This, the authors rightly assert, set the stage for “angrynomics”, usually known as the populist movement. Voters had gone along with Capitalism 3.0 while it seemed to deliver growth but for them, “flexible labour markets” meant less job security, while globalisation meant a squeeze on their real wages. When the banking sector caused a crash, the bankers were bailed out but poorer voters suffered from austerity in the form of lower social benefits and squeezed public services. 

Inflation may have fallen but real wages were not rising. And unemployment may have been low but many jobs were poorly-paid and had fewer rights. At the heart of all this, in the authors’ view, is that capitalism has tended to treat labour as a “commodity”, along with land and capital. But “labour is the only commodity capable of generating a social reaction to its movement in price”. When workers banded together in trade unions, and worked closely together in factories, they could use their negotiating power. Nowadays, with workers more dispersed, their frustration is expressed in the political sphere. 

But anger can be a dangerous thing. As Messrs Lonergan and Blyth argue, anger can find vent in “tribal rage”, like the hostility of rival football fans; it is often expressed as hostility towards some outside group such as foreigners, or religious or ethnic minorities. The alternative is “moral outrage” which protests against legitimate wrongs, such as the exploitation of the system by rent-seeking plutocrats. To quote the book: “The challenge for politics today is to listen carefully to, and redress, the legitimate anger of moral outrage while exposing and not inciting the violent anger of tribes”. 

As someone who has written a couple of books of economic history (Paper Promises and More), I would like to add another layer to the argument. The Capitalism 3.0 model was driven by monetary policy, which focused on low inflation, a target pursued by independent central banks. But globalisation by itself was driving inflation lower (as the former communist bloc joined the market-based economy) and technology cut the costs of manufactured goods. This created a feedback system whereby central banks cut interest rates in response to lower inflation, delivering capital gains to those who owned financial assets and those who had borrowed money to buy real assets like property. Higher debts made the system unstable, and when that stability resulted in a financial crisis, central banks propped up the system with lower rates and more liquidity. 

The lesson learned by many traders and bankers was that taking risks paid off in the long run. Each crisis led to lower rates and more debt until 2009, when the only way that the system could be made to work was for central banks to buy bonds outright, cut interest rates below zero, and all the rest. This system is very fragile. The US has just enjoyed its longest boom in history. But the Federal Reserve was only able to raise interest rates in baby steps, and had to bring them back down to near zero at the first sign of trouble.
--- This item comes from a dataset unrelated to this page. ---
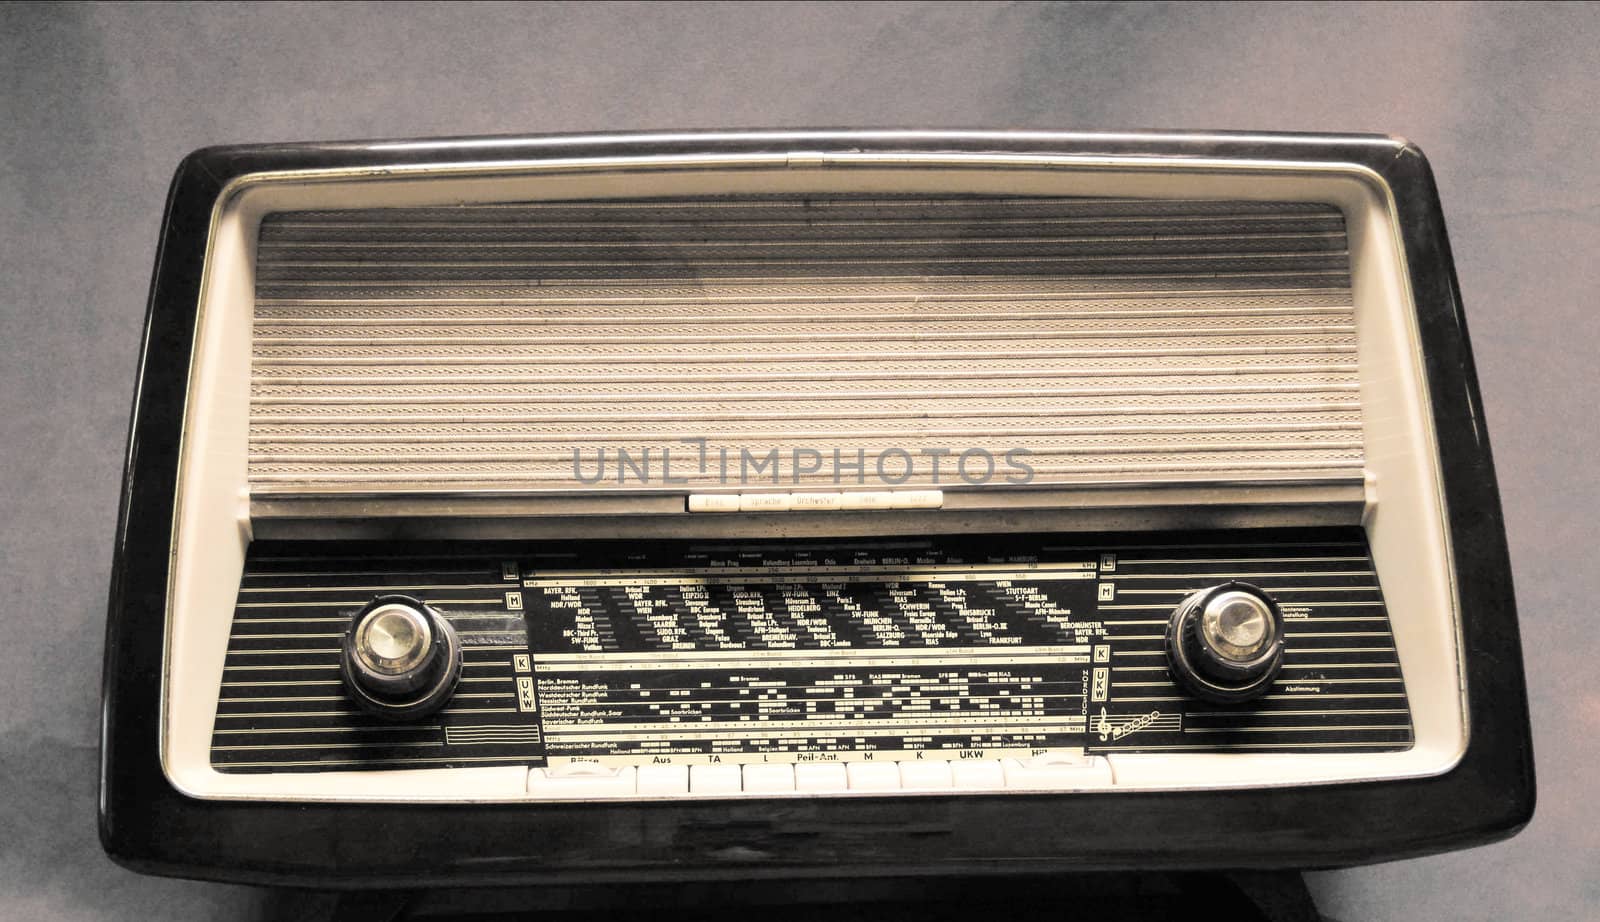 antique radio on vintage background by rainyrf

Far from debt “not mattering”, it matters a lot. But the mistake is to focus just on government debt when it is the total of consumer debt, corporate debt, financial system debt that matters. This debt is very high and needs to be refinanced on a regular basis; the only way it can be sustained is with very low rates. This explains the puzzle in the first paragraph; why governments can borrow at low rates despite needing to issue so much debt.

In political terms, this matters because the system has undermined the interest of the middle classes as well as the working classes. In the 1920s, German hyperinflation wiped out the savings of the middle classes creating a well of support for Hitler. The corollary this time is the effect of low rates on pension pots; middle class people could once retire on a generous final salary pension. But such pensions have gone and their replacements (defined contribution pensions) are dependent on bond yields to generate income. These have plunged meaning that many middle-class people have pension pots that won’t pay a decent income; they must work longer or live in reduced circumstances. 
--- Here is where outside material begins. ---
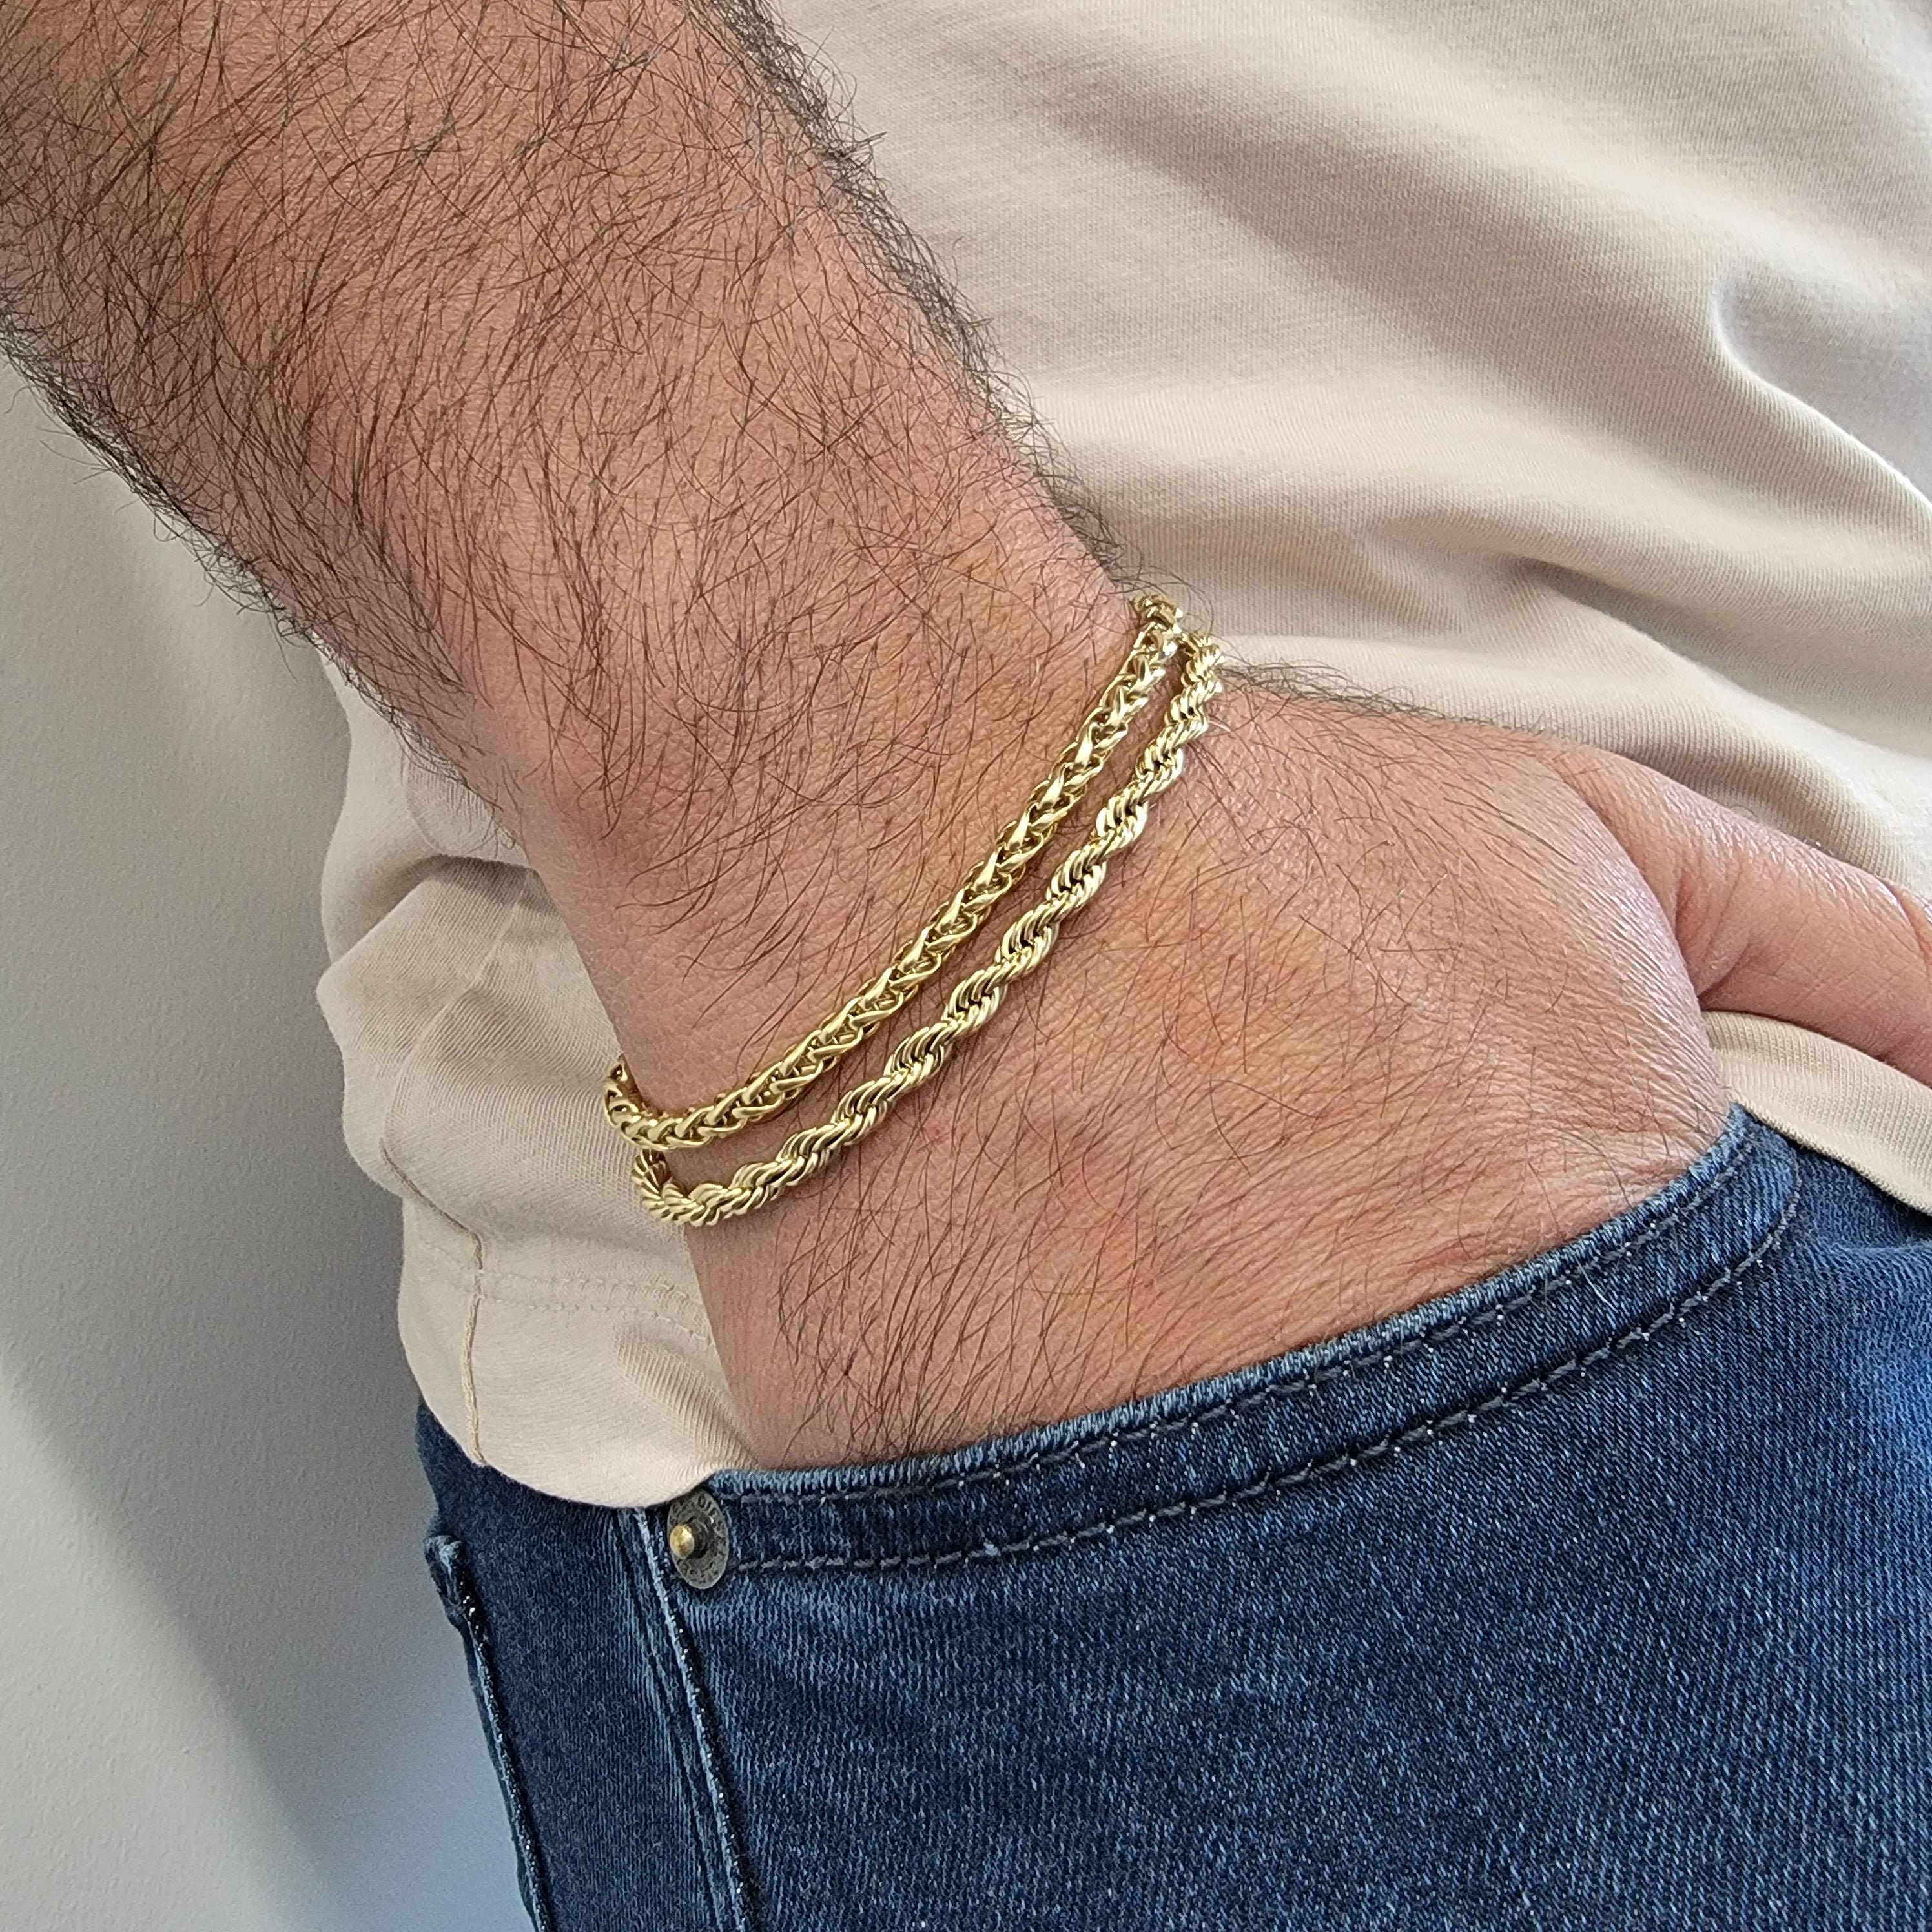 Wheat Chain Bracelet in 18K Yellow Gold, 4mm

Anyway, enough of defining the problem: how to deal with it? The authors’ solutions are intriguing, but (in my view) skate over some of the practical issues.

·         One proposal is to take advantage of negative real interest rates. The government could issue bonds and use the proceeds to buy global assets, such as equities, setting up a National Wealth Fund. The expected return on those assets will be much higher than the yield on the bonds, and the profits from the National Wealth Fund could be distributed to citizens every 15–20 years. The obvious danger is that global equities have a prolonged slump, akin to that suffered by Japan where the stock market is still below its end-1989 level. The authors argue such an extended slump is unlikely at the global level. That may turn out to be right, but a more fundamental problem is that 15–20 years is a very long time to wait; it will not help people now. Angry voters, and the politicians they elect, can do a lot of damage in the interim. Another issue is that the authors propose distributing the proceeds to the “80% of households with the fewest assets”. Sounds fine, but we don’t have a register of assets by households, and the practical difficulties might be immense: the make-up of households (flat-sharing twenty-somethings, for example) can change quickly. Does a household with eight people get the same as a single person?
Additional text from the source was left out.